56 F. Supp. 876, 1944 U.S. Dist. LEXIS 2060
CourtDistrict Court, S.D. New York
DecidedAugust 25, 1944
StatusPublished
Cited by24 cases

This text of 56 F. Supp. 876 (Crichton v. United States) is published on Counsel Stack Legal Research, covering District Court, S.D. New York primary law. Counsel Stack provides free access to over 12 million legal documents including statutes, case law, regulations, and constitutions.

Bluebook
Crichton v. United States, 56 F. Supp. 876, 1944 U.S. Dist. LEXIS 2060 (S.D.N.Y. 1944).

Opinion

CLARK, Circuit Judge.

Plaintiffs, as competitors of Associated Transport, Inc., a motor truck line, bring this action under 28 U.S.C.A. §§ 41(28), 43-48, and 49 U.S.C.A. § 305(g), to set aside an order of the Interstate Commerce Commission, dated November 2, 1943, which granted Associated the certificate of public convenience and necessity required by Part II of the Interstate Commerce Act, formerly the Motor Carrier Act, 1935, §§ 206(a), 207(a), 49 U.S.C.A. §§ 306(a), 307(a), to enable it to act as a common carrier of property by motor vehicle in interstate commerce over regular routes between Nashville and Knoxville, Tennessee. Associated is the eventual successor in interest to three brothers Jacobs, copartners doing business as Jacobs Motor Service, who in January, 1935, applied to the Railroad and Public Utilities Commission of Tennessee for a permit to operate as a common carrier by motor vehicle in interstate commerce between Nashville and the Tennessee-Virginia state line at Bristol, Tennessee. Although the Tennessee Commission denied this application on March 27, 1935, the Jacobs nevertheless commenced trucking operations between Nashville and New York City in April of the same year. In June, 1935, one of the brothers was arrested for lack of a Tennessee permit; but the state commission reconsidered its previous decision by granting the requested permit in July, 1935, and service to New York hence continued. On February 11, 1936, the Jacobs made application to the Interstate Commerce Commission under the “grandfather” clause of § 206(a) of the then new Motor Carrier Act, 1935, for a certificate of public convenience and necessity as a common carrier by motor vehicle between Nashville and New York City. They made no trips after February 17, 1936, however, and the following month sold all their operating rights to Hoover Lines, Inc.
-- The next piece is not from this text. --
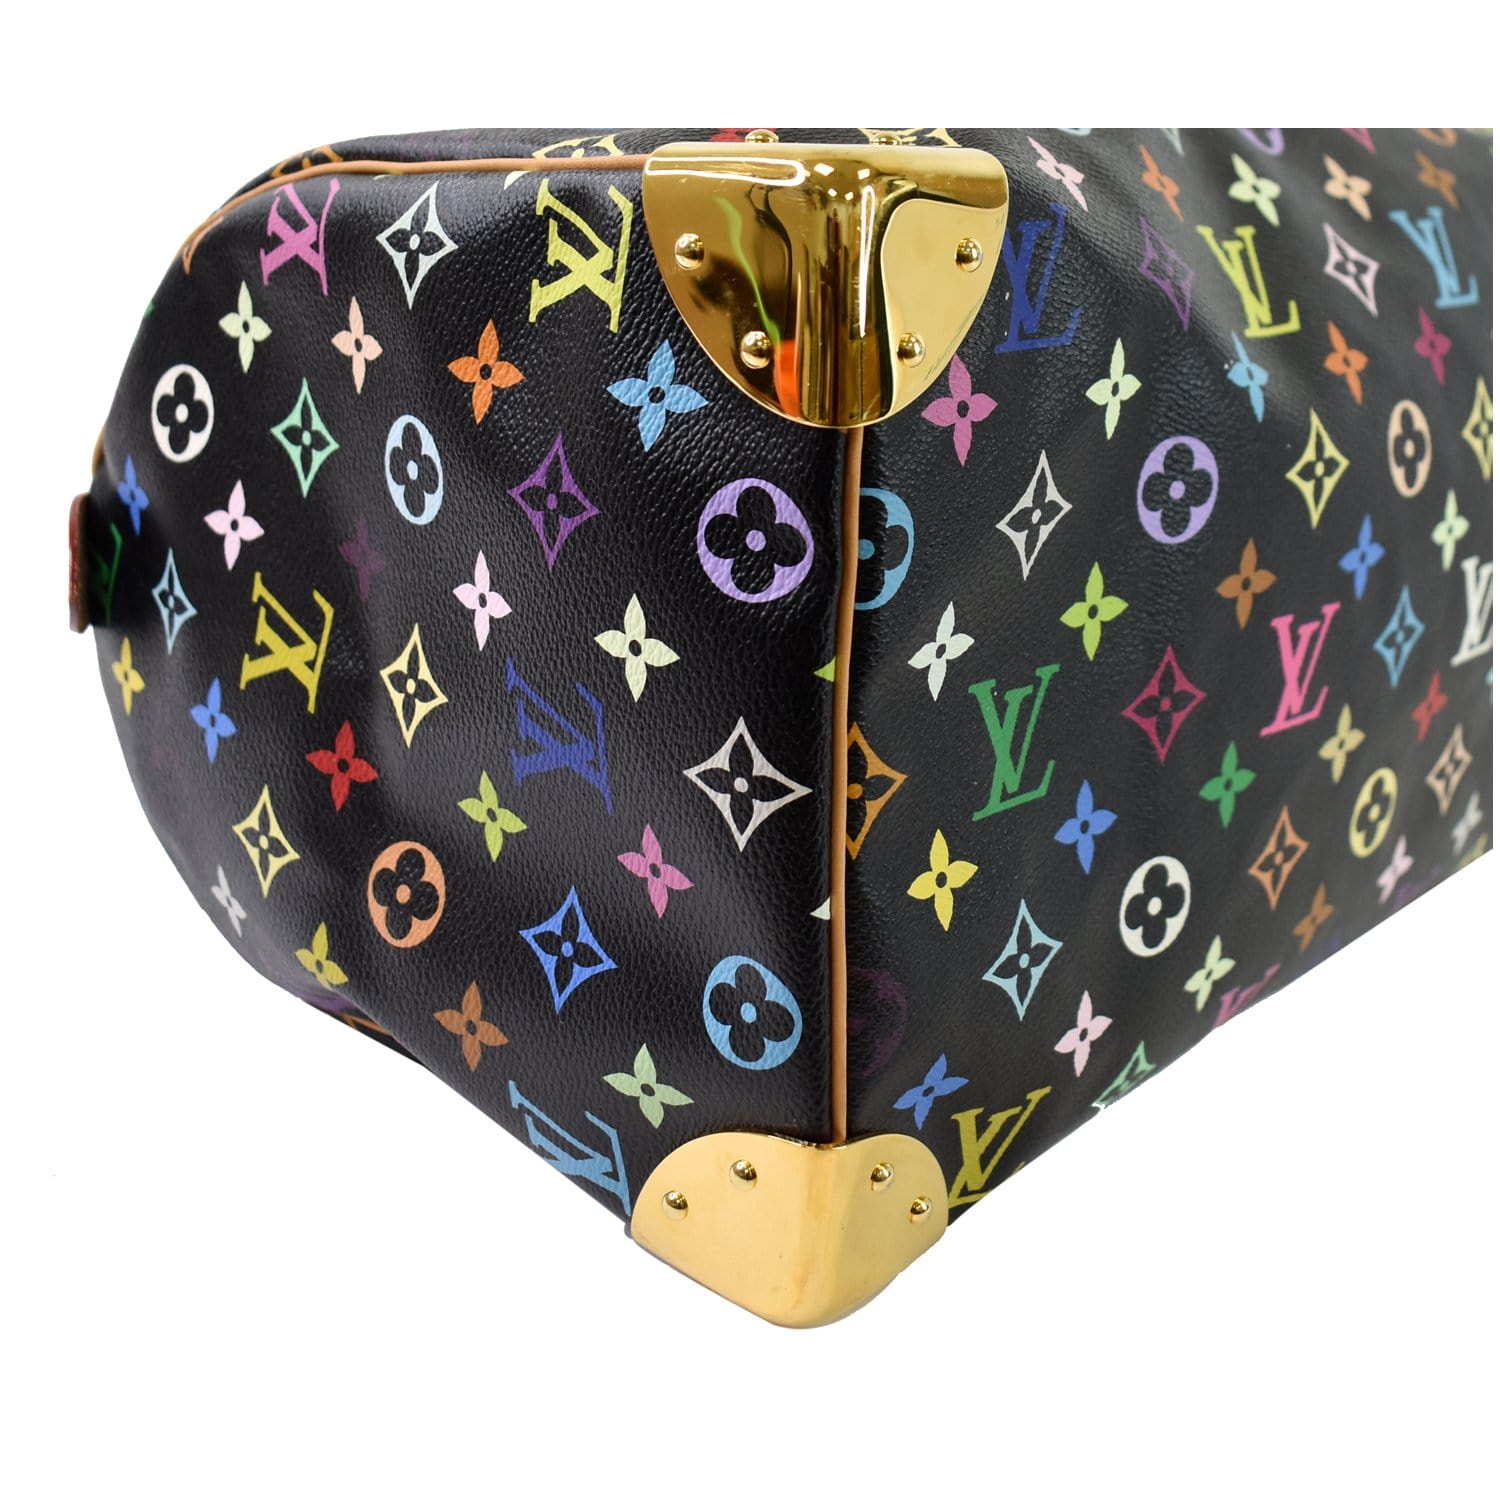 Louis Vuitton Monogram Multicolore Speedy 40, Louis Vuitton Handbags

Although Hoover requested and received from the Tennessee Commission in March, 1936, approval of its purchase of the Jacobs’ state operating rights, it delayed in making application to the I.C.C. for approval of the purchase, as required by § 213 of the Act, 49 Stat. 555, 49 U.S.C.A. § 313, until June, 1936. Meanwhile no operations took place over the line. On June 11, 1937, the I.C.C. approved the pur *878 chase, but noted in its report that Hoover had upon oral argument abandoned any claim to the Jacobs’ “grandfather” rights between Knoxville and New York because of other pending applications covering that much of the route. Hoover Lines, Inc.— Purchase — Jacobs, 5 M.C.C. 97. Shortly thereafter, Hoover recommenced operations. On December 2, 1937, the I.C.C., in consideration of Hoover’s previous abandonment of any claims from Knoxville to New York, restricted the original Jacobs “grandfather” application to operations between Nashville and Knoxville, and, pursuant to the mandate of § 205(a) of the Act regarding applications which involve operations in “not more than three States,” referred the thus delimited application for hearing before a joint board.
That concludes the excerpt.